Task prompt: The data below should be copied out exactly, with its pictures omitted.

Information supplied:
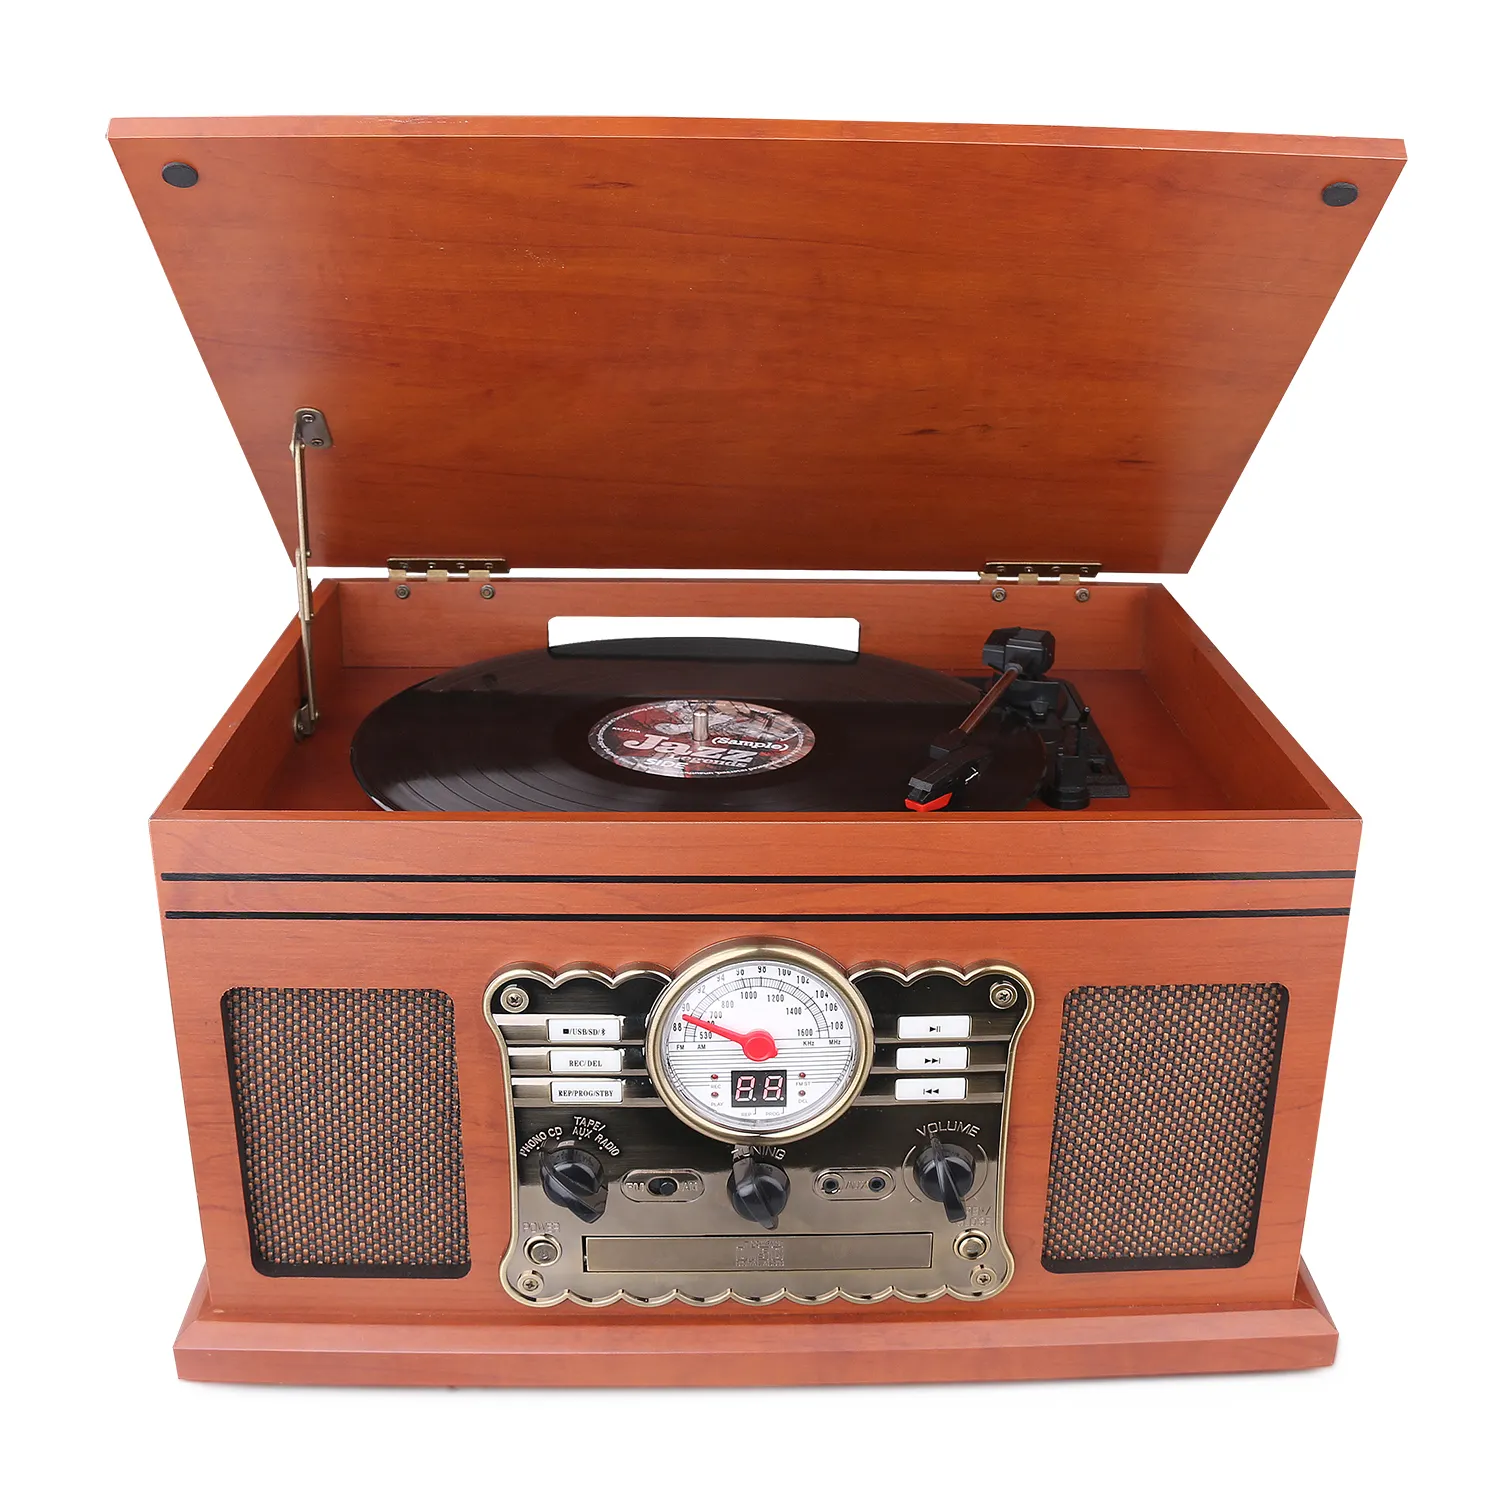 Pemutar musik gramofon antik, pemutar rekaman cd radio retro kayu polos
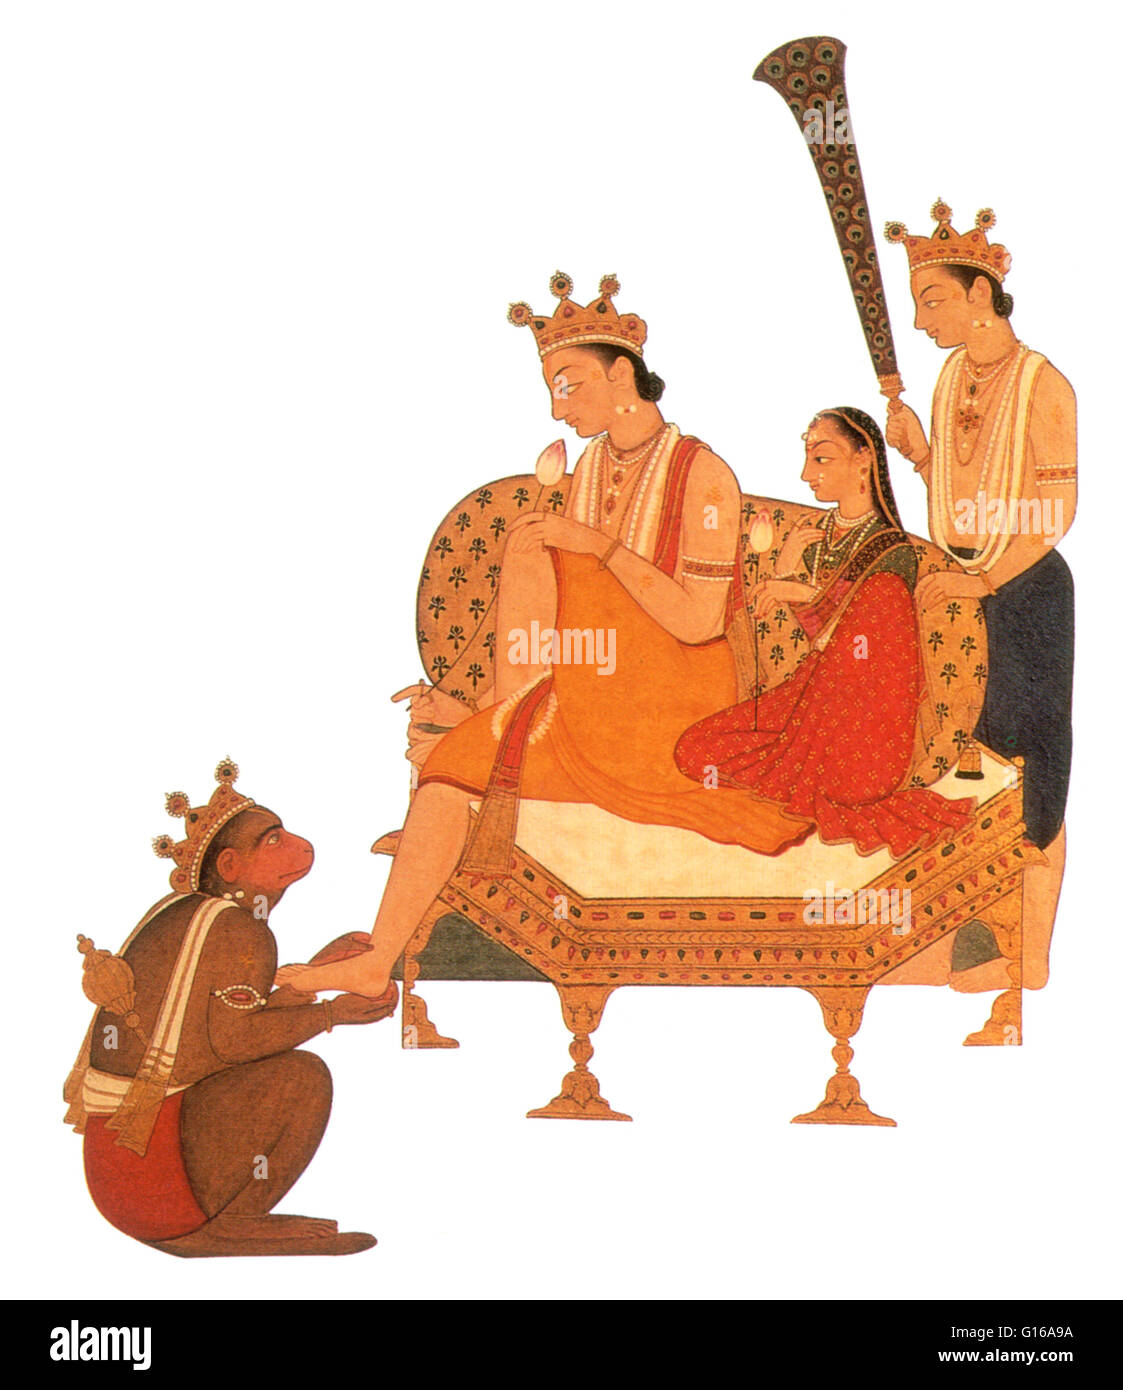 Hanuman, Rama, der mit seiner Frau, Sita und ihr Bruder Lakshman sitzt zu verehren. In hinduistischen Mythos, der siebte Avatara von Vishnu. Rama ist der Held des indischen Epos Ramayana. Geboren als Prinz von Ayodhya, stellt er viele Drangsale, unter denen ist bei Stockfoto
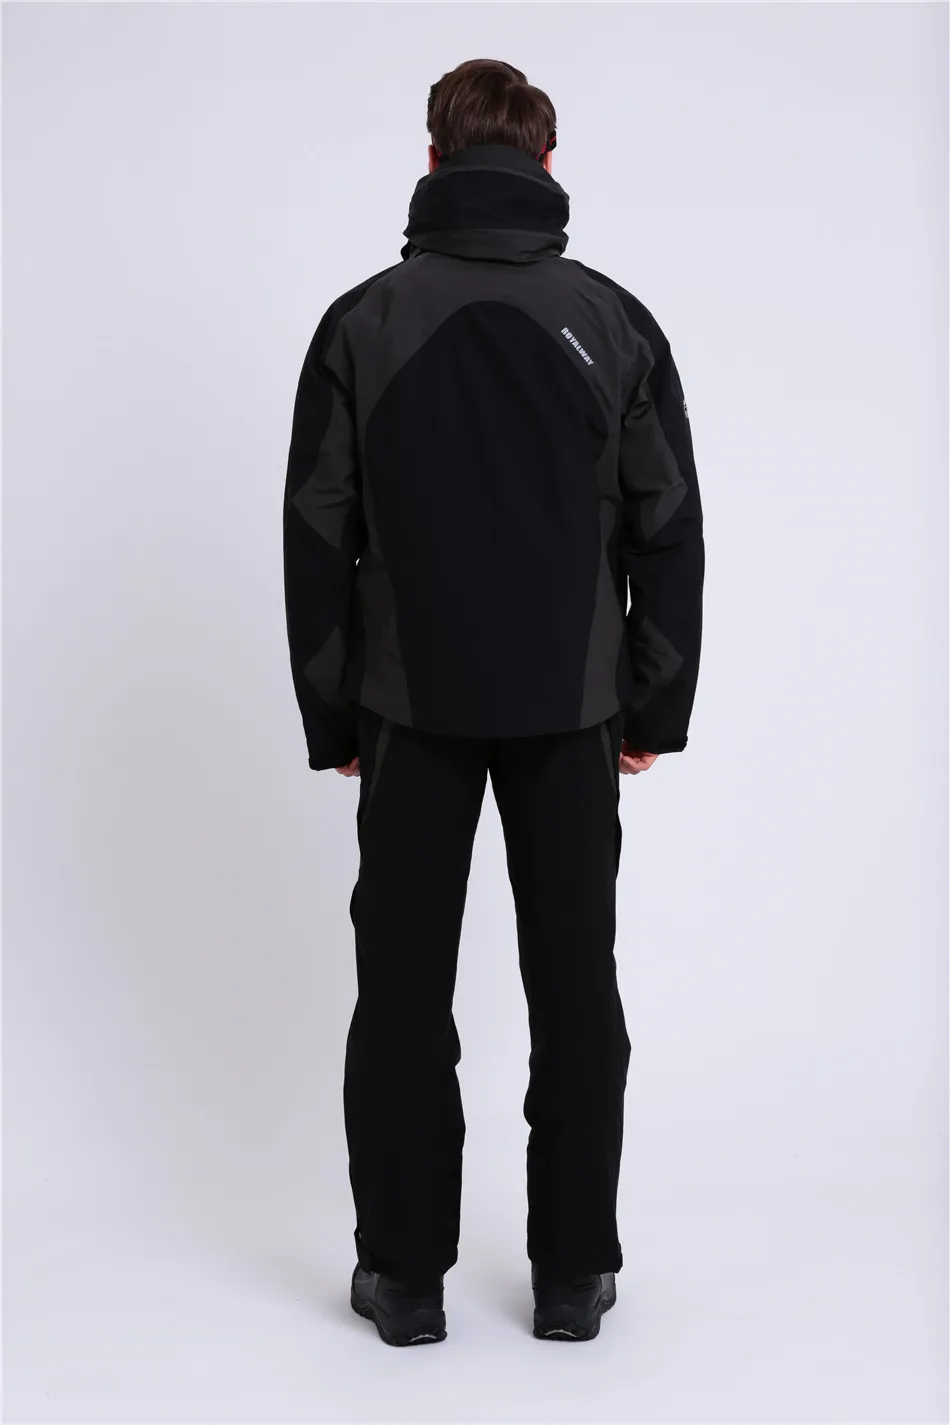 Royalway Для мужчин Лыжный спорт куртка супер теплая куртка ветрозащитная Водонепроницаемый зима recco GPS безопасности# RFSM4521G

Answer to the exercise:
 Pemutar musik gramofon antik, pemutar rekaman cd radio retro kayu polos
 Hanuman, Rama, der mit seiner Frau, Sita und ihr Bruder Lakshman sitzt zu verehren. In hinduistischen Mythos, der siebte Avatara von Vishnu. Rama ist der Held des indischen Epos Ramayana. Geboren als Prinz von Ayodhya, stellt er viele Drangsale, unter denen ist bei Stockfoto
 Royalway Для мужчин Лыжный спорт куртка супер теплая куртка ветрозащитная Водонепроницаемый зима recco GPS безопасности# RFSM4521G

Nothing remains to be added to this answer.